What the exercise asks: Ignoring every picture, transcribe the data in full as it stands.

Top of Recorded data

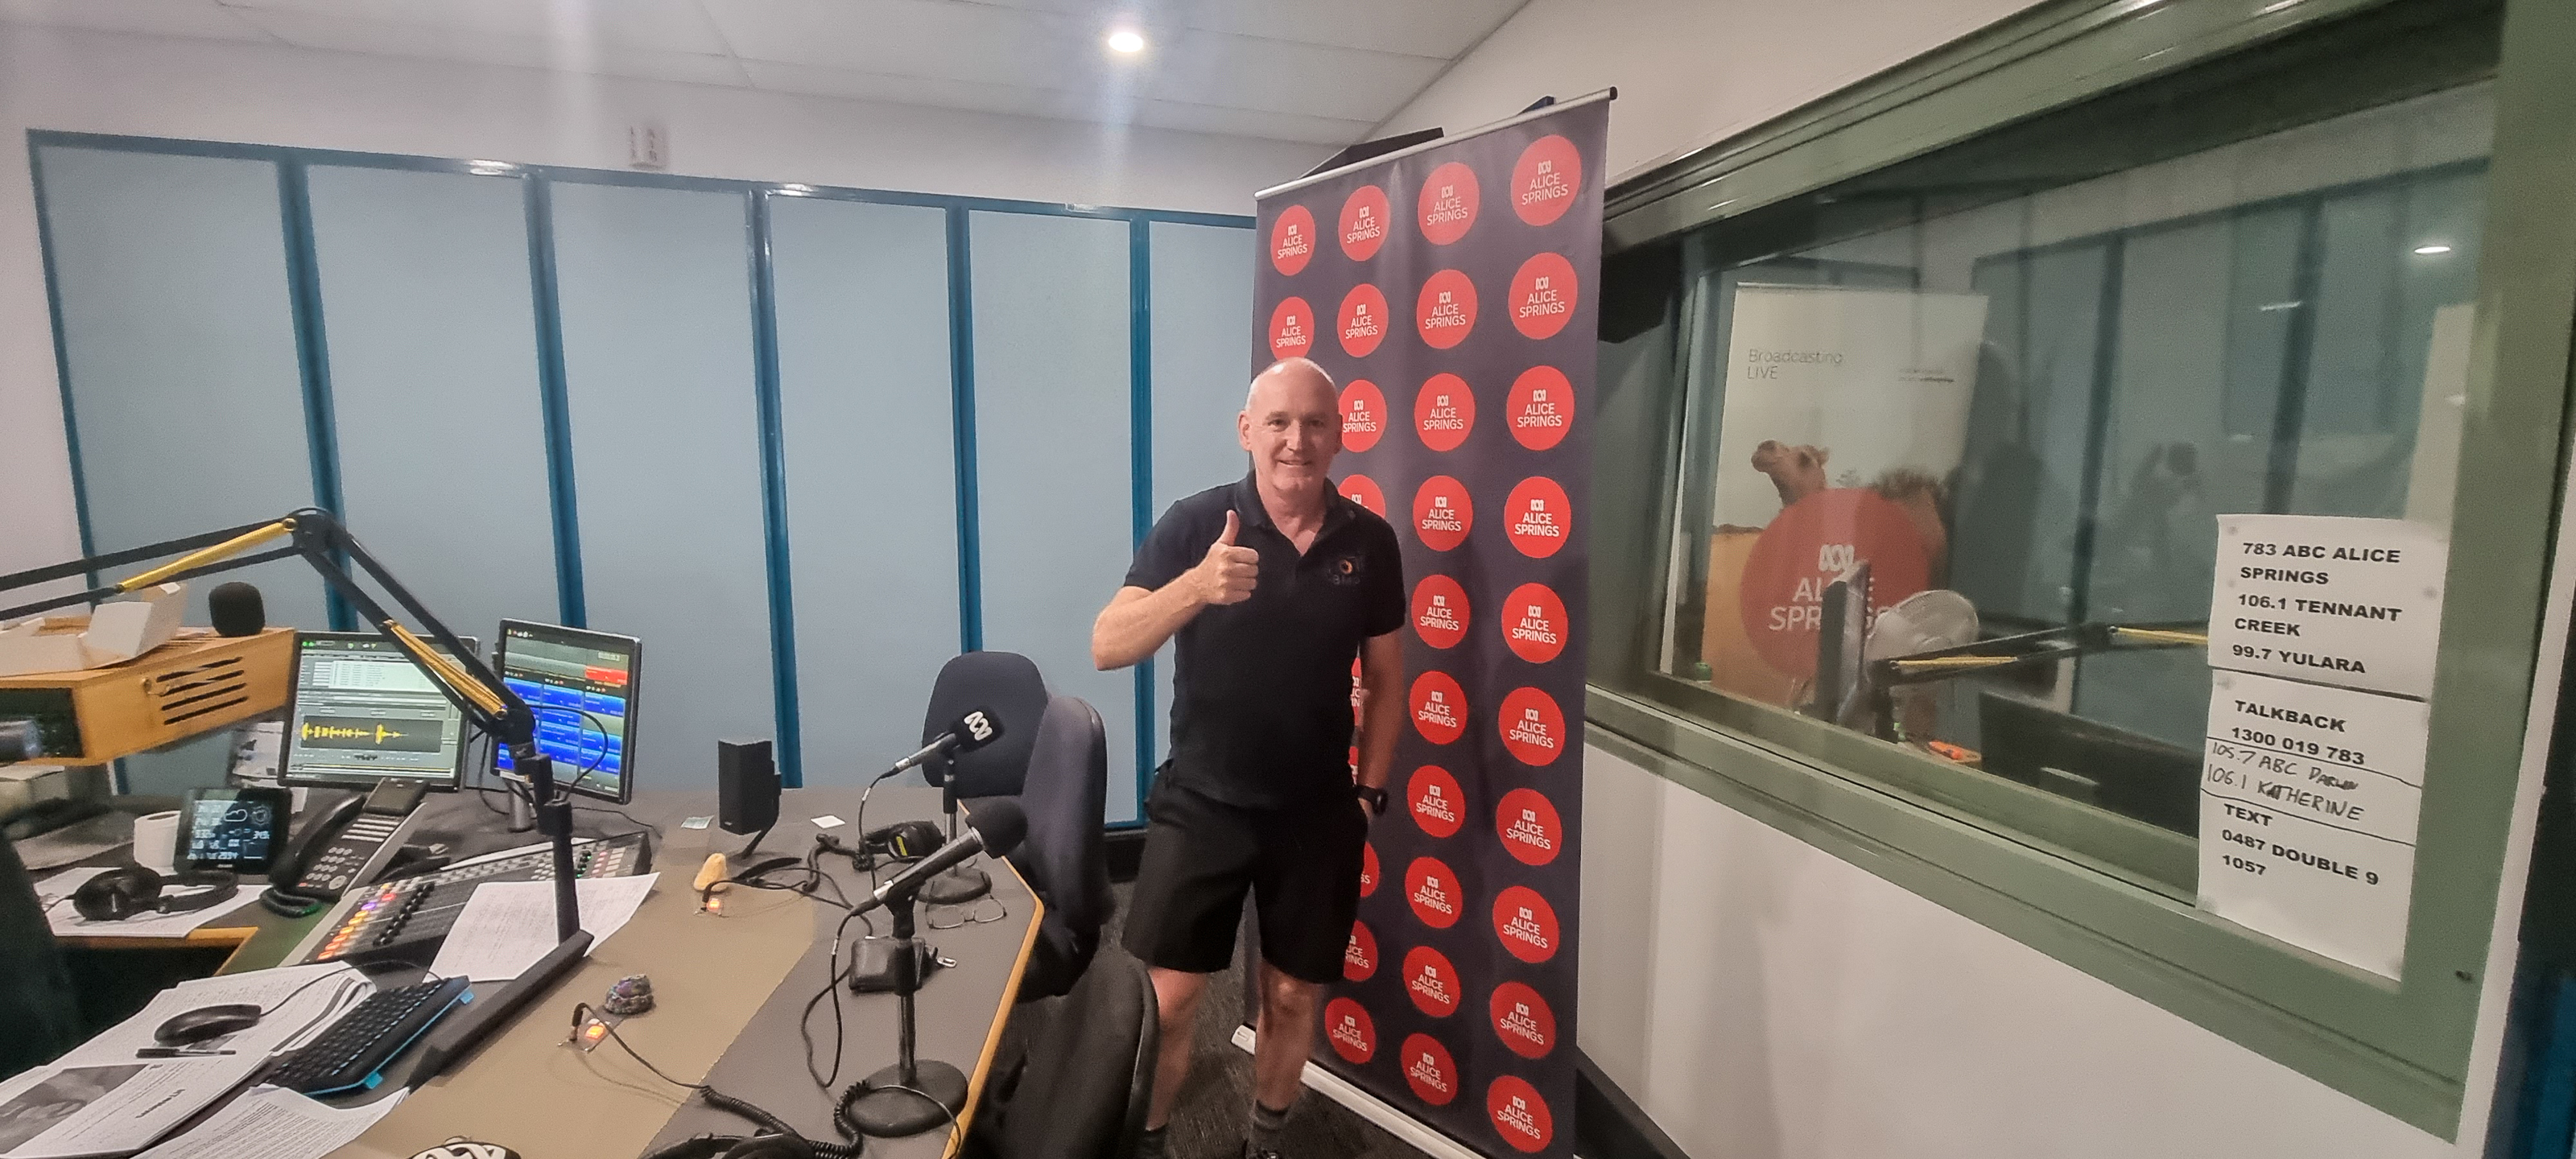 Brendan Maunder at the ABC radio station in Alice Springs giving an interview about free photographic workshops he is putting on for the local community
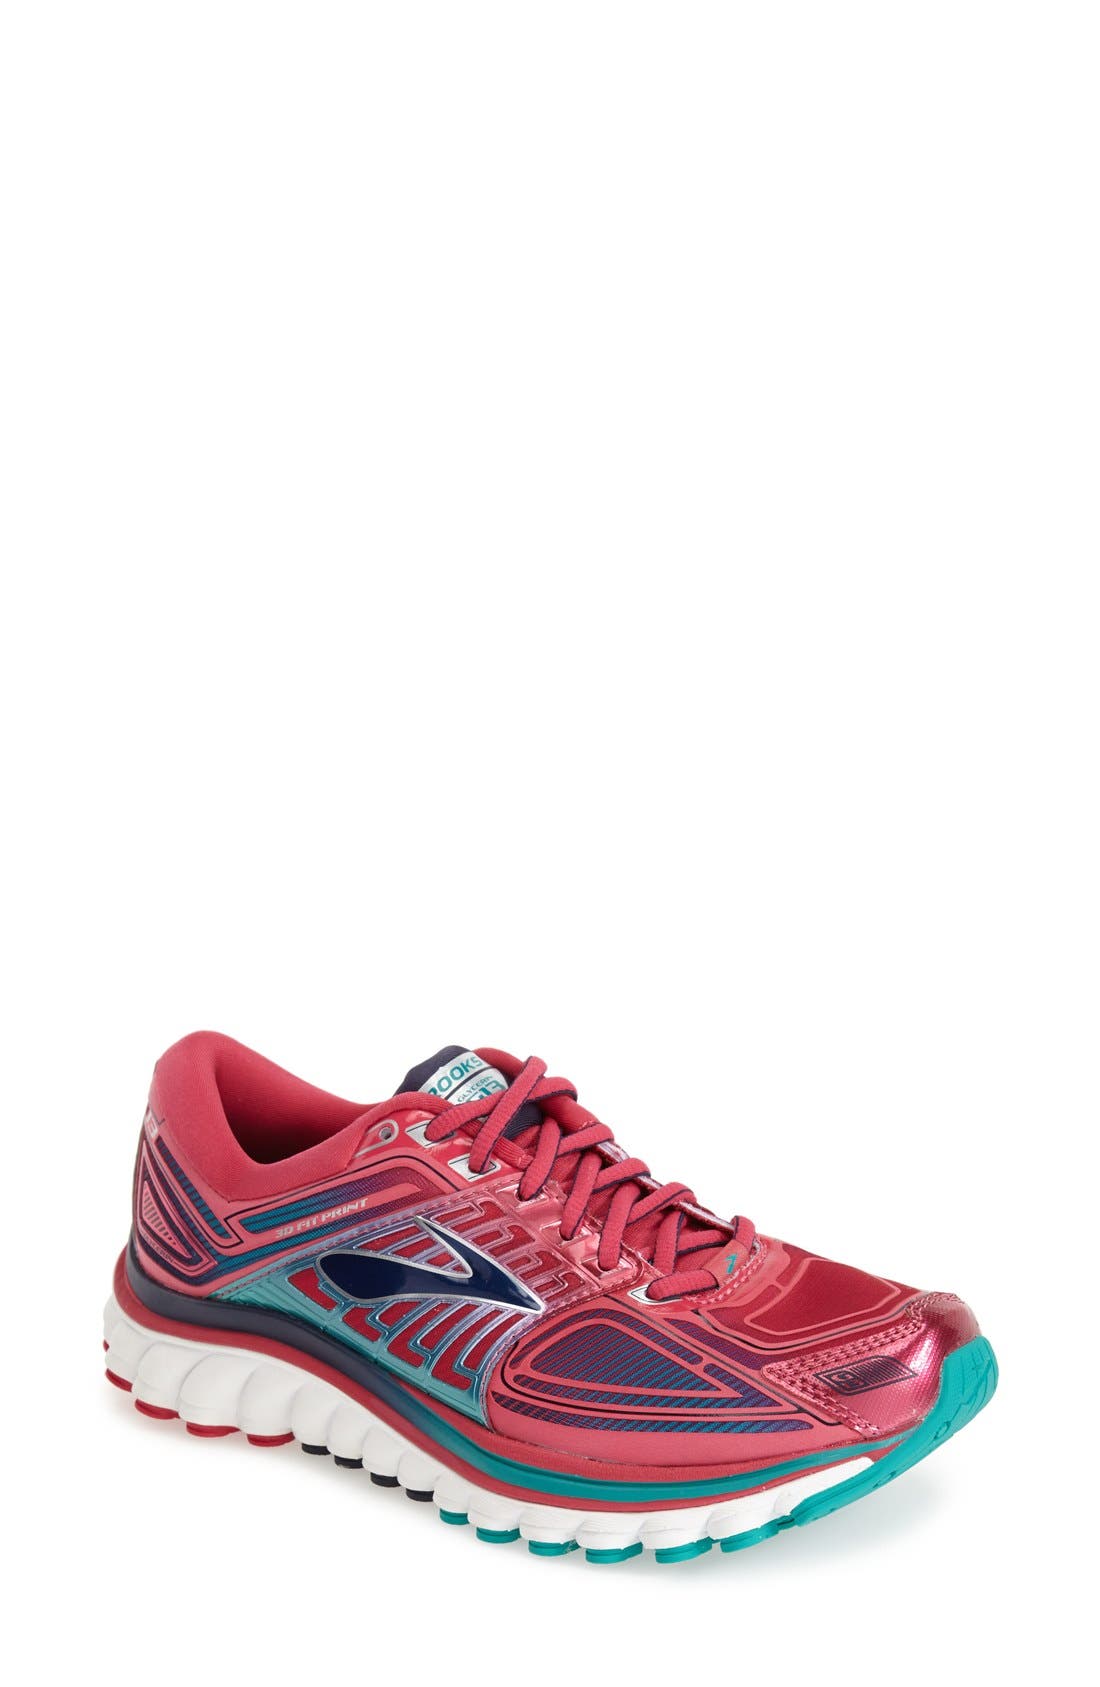 brooks glycerin 13 neutral running shoes
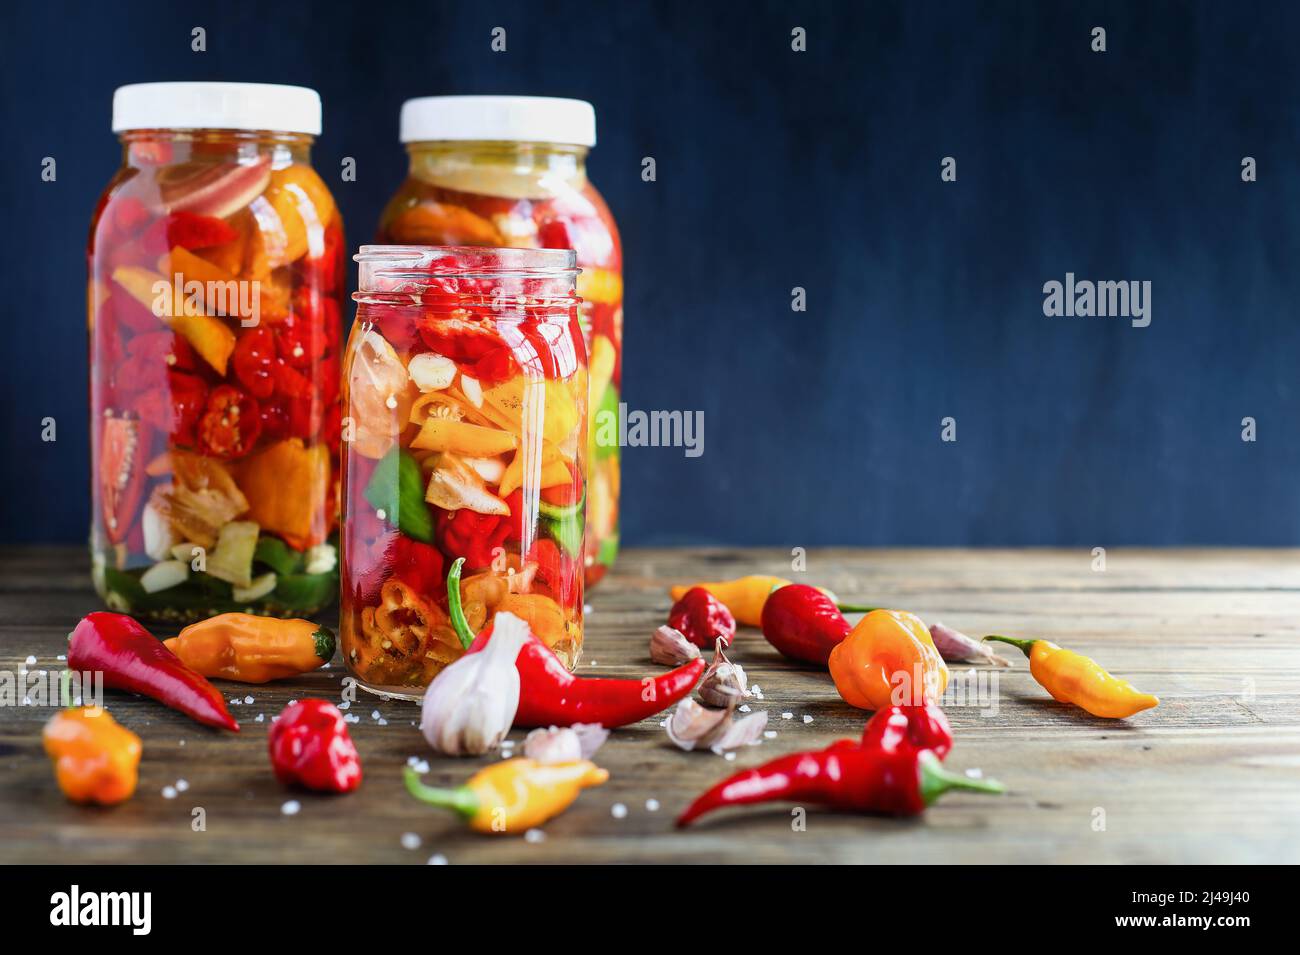 Variety of peppers, spices and garlic in a mason jars fermenting, a rich source of probiotics, to make homemade hot sauce over a rustic background. Stock Photo

Bottom of Recorded data

Answer space:
 Brendan Maunder at the ABC radio station in Alice Springs giving an interview about free photographic workshops he is putting on for the local community
 brooks glycerin 13 neutral running shoes
 Variety of peppers, spices and garlic in a mason jars fermenting, a rich source of probiotics, to make homemade hot sauce over a rustic background. Stock Photo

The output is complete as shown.